Abitazioni monofase/trifase e carichi prioritari
Il sistema è adatto a contesti monofase e, con componentistica adeguata, a contesti trifase, bilanciando energia e ottimizzando i flussi tra produzione, carichi e storage. Le abitazioni con pompe di calore, piani cottura a induzione o wallbox traggono particolare beneficio grazie alla gestione carichi essenziali e time-of-use. Un’attenzione specifica va data ai carichi prioritari: frigorifero, illuminazione, router, circolatori caldaia e piccoli elettrodomestici essenziali. Definire da subito come gestire carichi critici e quadro di backup in caso di blackout rende l’esperienza d’uso consistente e affidabile.
Esempio pratico: una famiglia di 4 persone con 6 kWp FV e consumi annui di 4.200 kWh può partire con 10–12 kWh di capacità e valutare un’espansione a 15 kWh in base a nuove abitudini (es. auto elettrica).

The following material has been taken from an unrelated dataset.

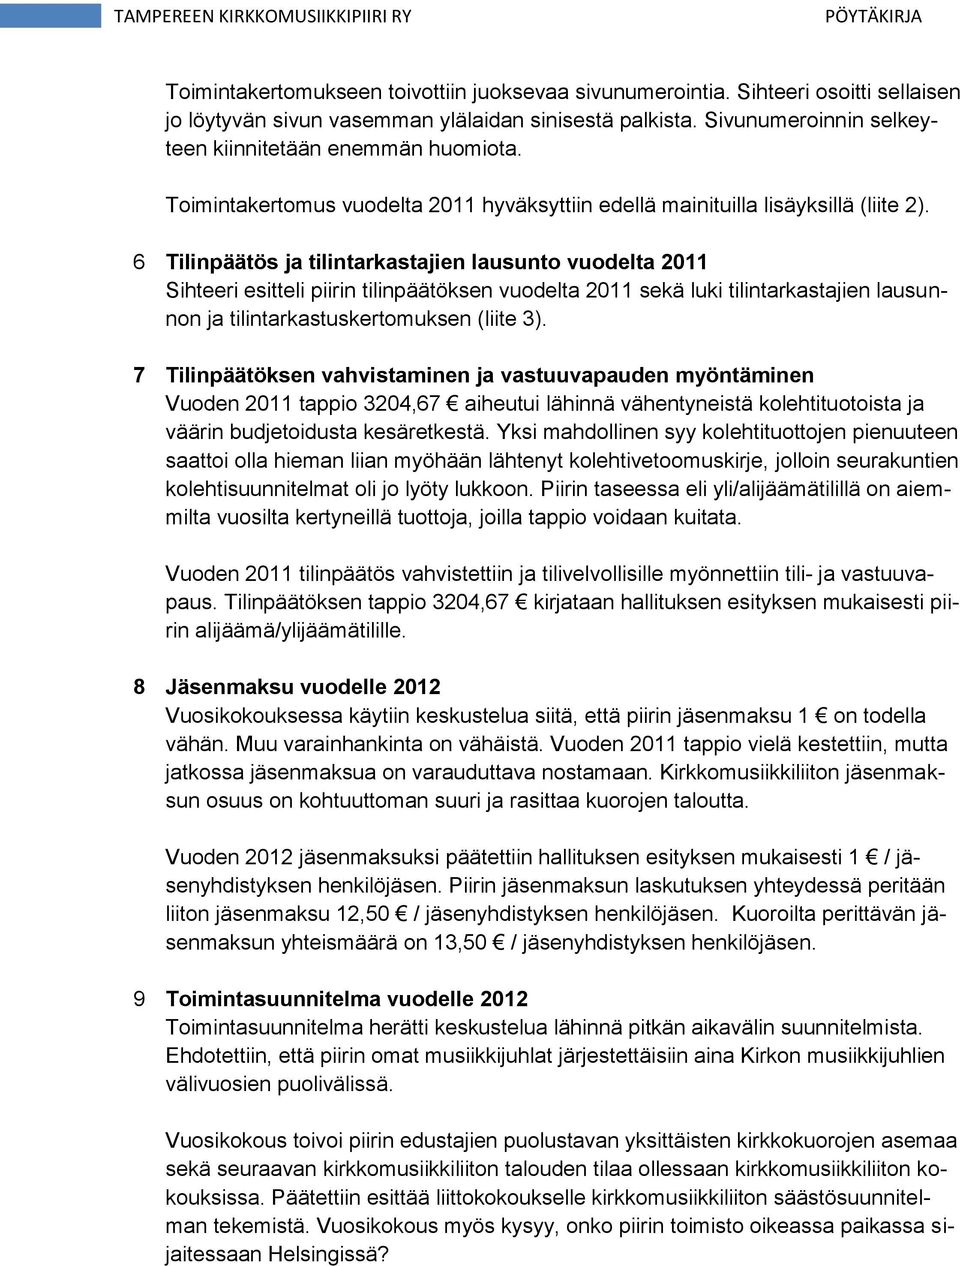 6 Tilinpäätös ja tilintarkastajien lausunto vuodelta 2011 Sihteeri esitteli piirin tilinpäätöksen vuodelta 2011 sekä luki tilintarkastajien lausunnon ja tilintarkastuskertomuksen (liite 3).

Questo approccio al dimensionamento kWh per abitazione con fotovoltaico e accumulo evita investimenti eccessivi iniziali.
Insight: pensa alla batteria come a un “cuscinetto” dinamico; il vero valore è la sua capacità di adattarsi quando cambiano abitudini e carichi.
Vantaggi logistici della modularità
Trasporto semplificato e movimentazione a una/due persone
I moduli leggeri riducono la necessità di mezzi di sollevamento e abbassano i rischi in cantiere. La riduzione costi di trasporto e movimentazione con moduli leggeri si traduce in tempi di installazione tipici di un accumulo modulare con backup più brevi e preventivi più competitivi.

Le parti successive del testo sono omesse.